The NLR is a practical, low-cost, and easily accessible new inflammatory index [21]. Neutrophils are the earliest part of the immune system to enter the CNS after a stroke [21, 32]. Their activation and recruitment at the site of infarction always coincide with the maximum synthesis of proinflammatory mediators (such as TNF-α and IL-6) and associated biomarkers (such as CRP), which result in neuronal damage after stroke [20, 21].

Also, lymphocytes are a type of inflammatory cells with protective and regulatory roles. CD4+ T lymphocytes play a key role in preventing poststroke cell injury [21, 23, 32]. Their anti-inflammatory function is linked to the release of anti-inflammatory chemicals (such as TGF-β and IL-10).

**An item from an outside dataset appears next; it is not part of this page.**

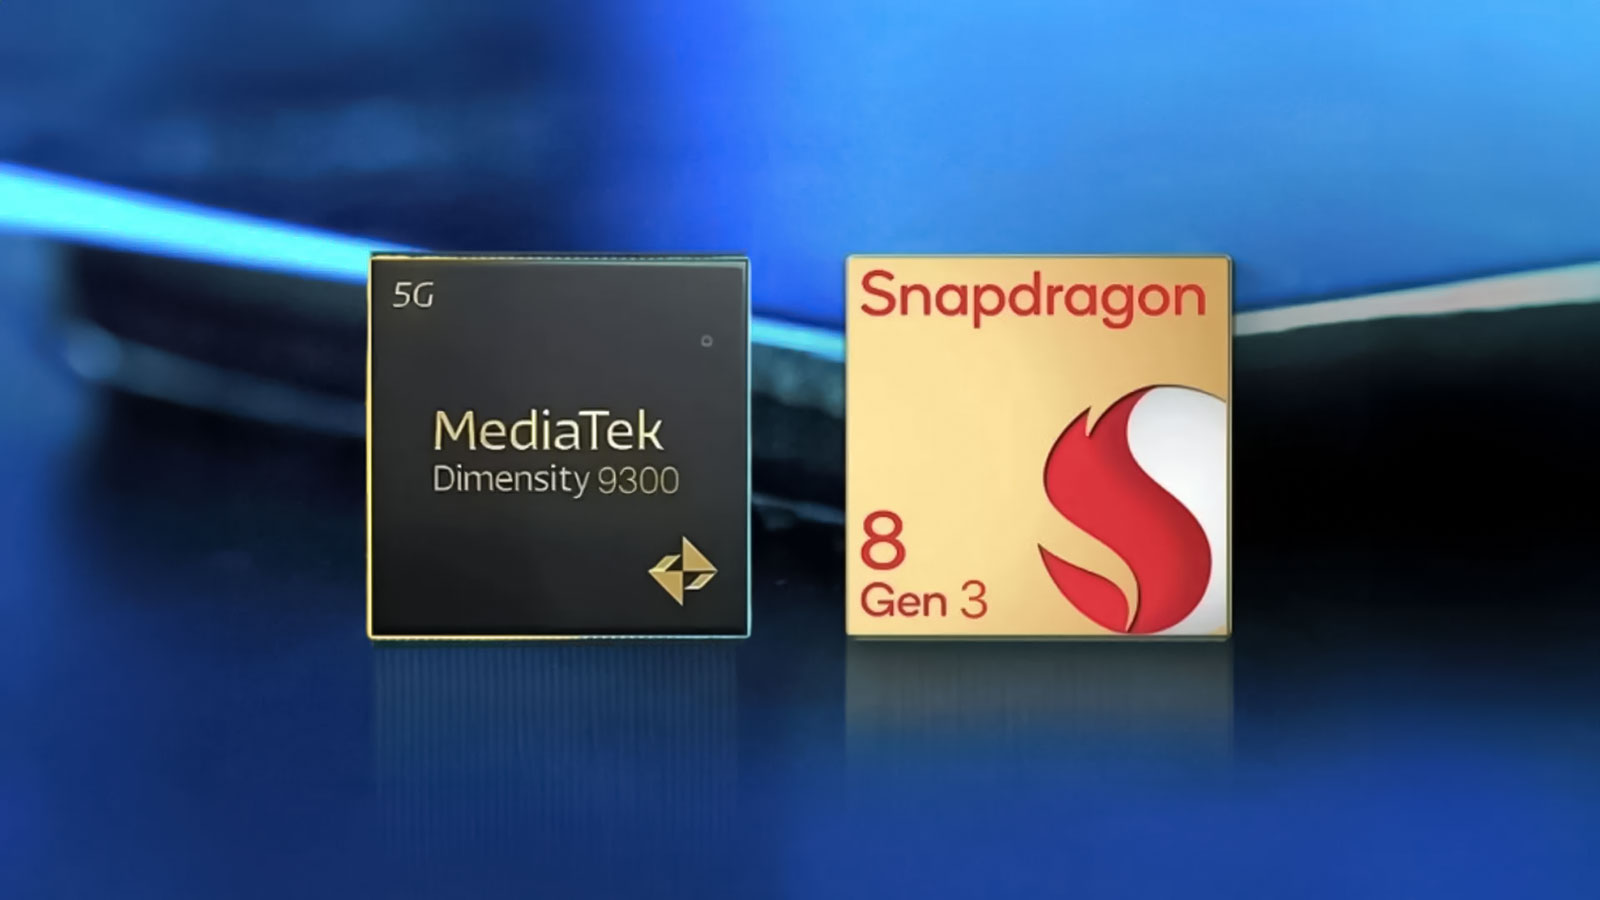 قدرت پردازشی مدیاتک Dimensity 9300 حتی با افت شدید هم از Snapdragon 8 Gen 3 بالاتر است؟

Therefore, high NLR shows high neutrophil and low lymphocyte counts and indicates a high level of systemic inflammation [20, 21, 32]. Since NLR is less likely to be influenced by confounding factors, it may have more predictive value than each parameter on its own [30].

Another low-cost, repeatable, and easily measured index is the PLR. Platelets clump together at the site of injury during a stroke [20, 23, 24]. They are the first-line proinflammatory cells that control parameters like macrophage and neutrophil's recruitment and endothelial permeability [4, 30]. Platelets' dense granules also contain a lot of serotonin and glutamate, which is released as a part of the inflammatory process and could participate in the pathophysiology of PSD [4, 20, 23, 24, 30].

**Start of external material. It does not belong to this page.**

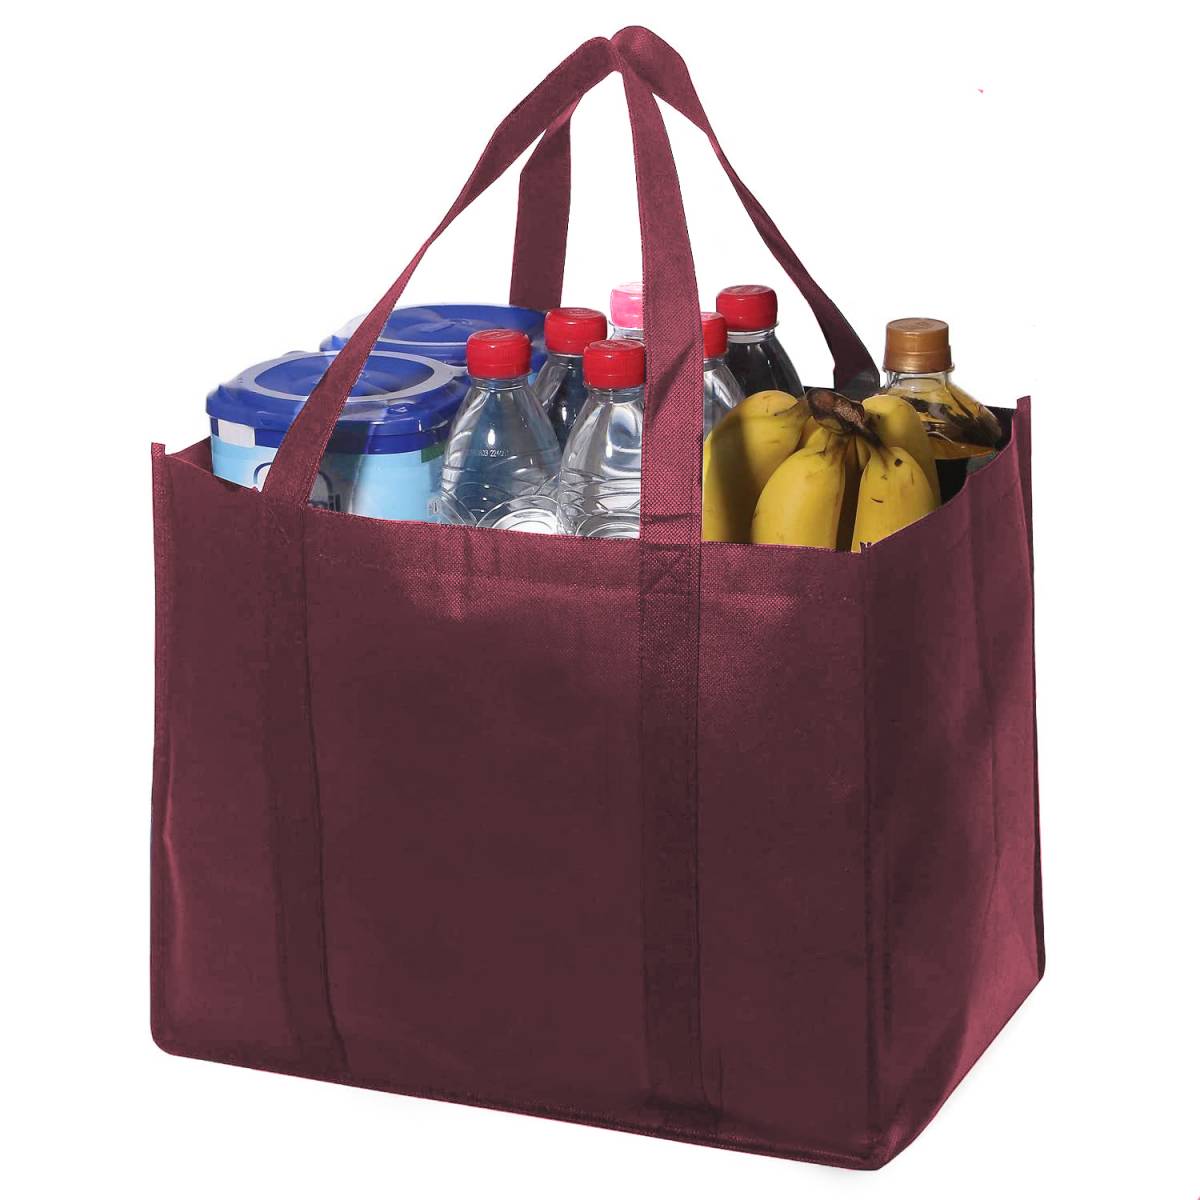 Эко сумка-шоппер для продуктов многоразовая хозяйственная, бордовая .

Because the elevated level of NLR and PLR in PSD patients compared to NPSD is solid evidence for the role of inflammation in PSD, anti-inflammatory drugs may be considered potential therapies for PSD [4]. A systematic review published recently found that anti-inflammatory medication, particularly celecoxib, can reduce depression symptoms [33]. In another recent study, a total of 161 individuals with acute ischemic stroke (AIS) were administered with natalizumab, an immunoglobulin against the leukocyte adhesion molecule 4 integrin. The results demonstrated that administration of natalizumab up to 9 h after a stroke contributes to functional and cognitive recovery [34].

4.1. Limitations

The findings of this report are subject to some limitations. First, the data extracted from the relevant articles did not permit assessing the relationship between ratios and symptom severity. Second, heterogeneity in studies was greater than expected due to various treatment regimens, duration of recorded stays, center protocols, different study populations, different times of blood tests from which NLR was calculated, and different study designs. Therefore, widespread validity is a concern, and future larger prospective studies are needed. Third, several of the studies are limited by bias whether selection or publication, which should be considered. Fourth, effect size for several of the tests was limited to a few studies. Thereby, widespread adoption and applicability are again a concern warranting further studies. In addition, the study protocol was not prospectively registered. Finally, other biomarker of immune function such as C-reactive protein and cytokines were not assessed; hence, it is impossible to say if elevated NLR and PLR represent an independent marker of immune system abnormalities in PSD patients. Finally, all of the included studies had relatively small sample sizes.

5. Conclusion

In conclusion, our meta-analysis provided additional evidence for the role of stroke-induced inflammation in PSD and concluded that NLR and PLR might be used as low-cost predictive biomarkers for PSD. These indicators can b5e extensively employed in the clinic. However, further large-scale and high-quality studies are needed to better understand the link between inflammation and PSD.